One of her slaves stepped forward. “Stand not in the way of the holy woman.” He was a huge man with a dark complexion and thick shoulders and arms, not the kind worth tangling with in a fight unless necessary.

“She is safer—”

She rode away. Her feet didn’t even reach the stirrups.

“The holy woman has seen that her luck is in danger,” said the slave. “She must go.”

Her luck?

That quickly, Sanglant remembered the old Kerayit custom, that a shaman woman’s luck resided in the body of another person.

Her luck was her son.

This time when he raised a hand, twin horns blared. In the distance, he heard the answering bell of Druthmar’s horn. Afflicted all at once with a horrible sense of foreboding, Sanglant signaled the advance.

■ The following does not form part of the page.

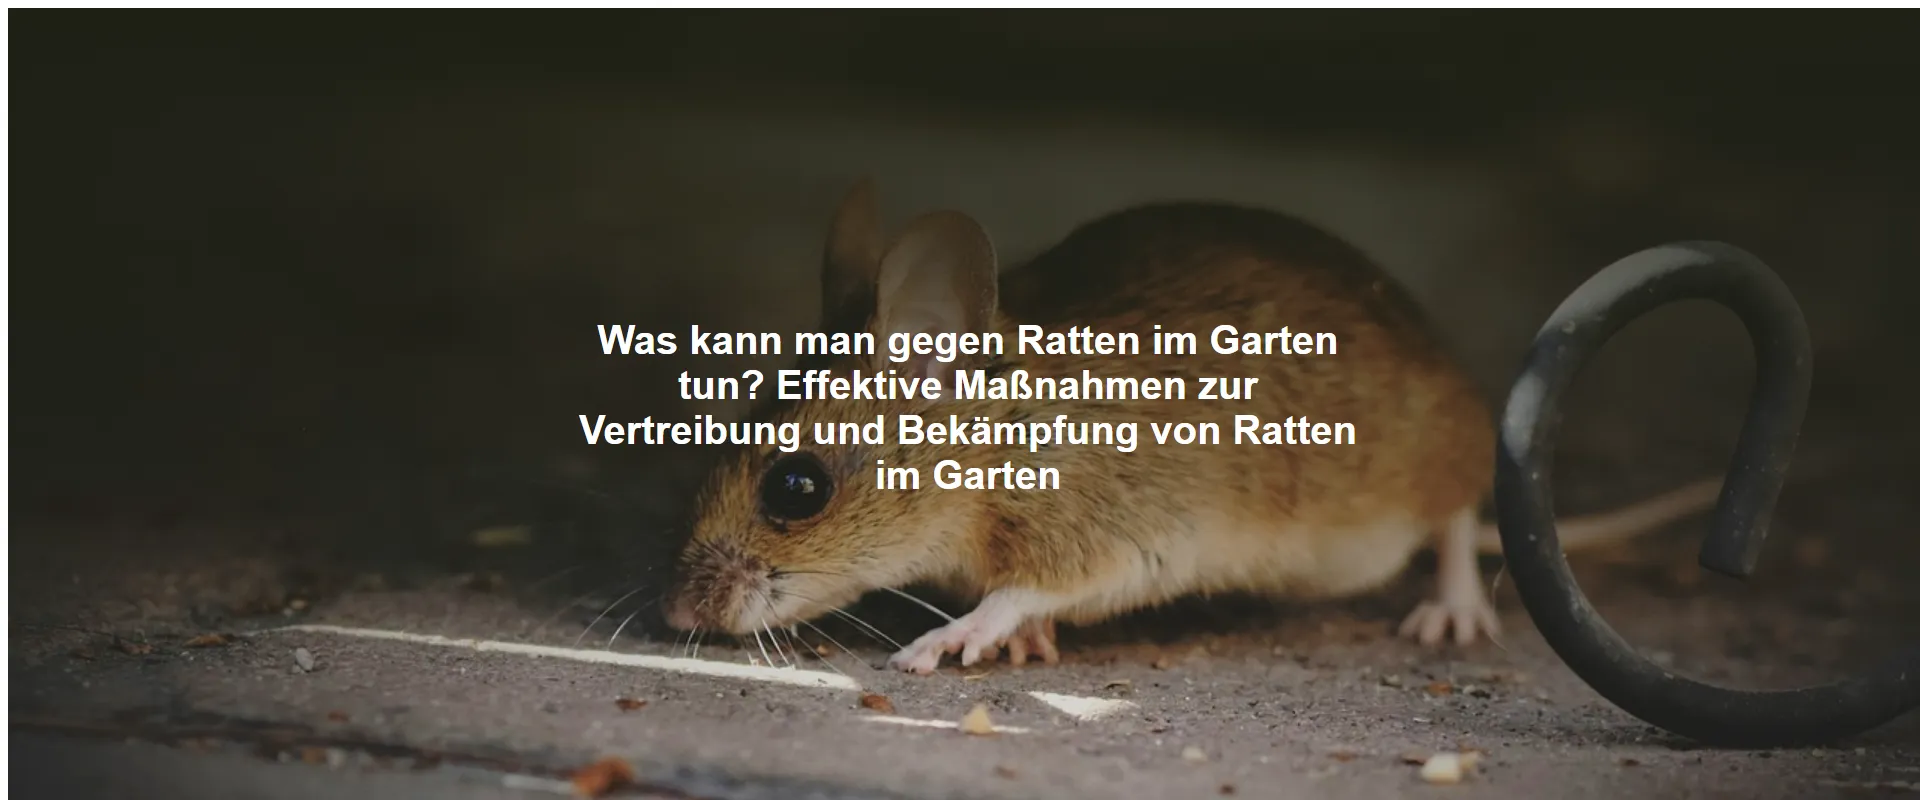 Was kann man gegen Ratten im Garten tun? Effektive Maßnahmen zur Vertreibung und Bekämpfung von Ratten im Garten

With his forces marshaled and Druthmar waiting farther down to join them, Sanglant led them back along the road at a trot.

Long ago, at besieged Gent, when she saw him for the first time, he had been wearing that same dragon helm, splendid and handsome. Just as he was then. Just as he is now. Desire is a flame, a torch burning in the night. No traveler can help but be drawn toward it.

Ai, God, she misses him. She misses the feel of him.

But she has to go on. She has to choose wisely, never forgetting that she isn’t truly on Earth but rather ascending the last sphere.

No creature male or female can harm him. Remembering this, she stayed her hand through the worst of the fighting. In battle, truly, Sanglant can take care of himself. She hasn’t forgotten the lesson she learned in the sphere of jedu, the angel of war.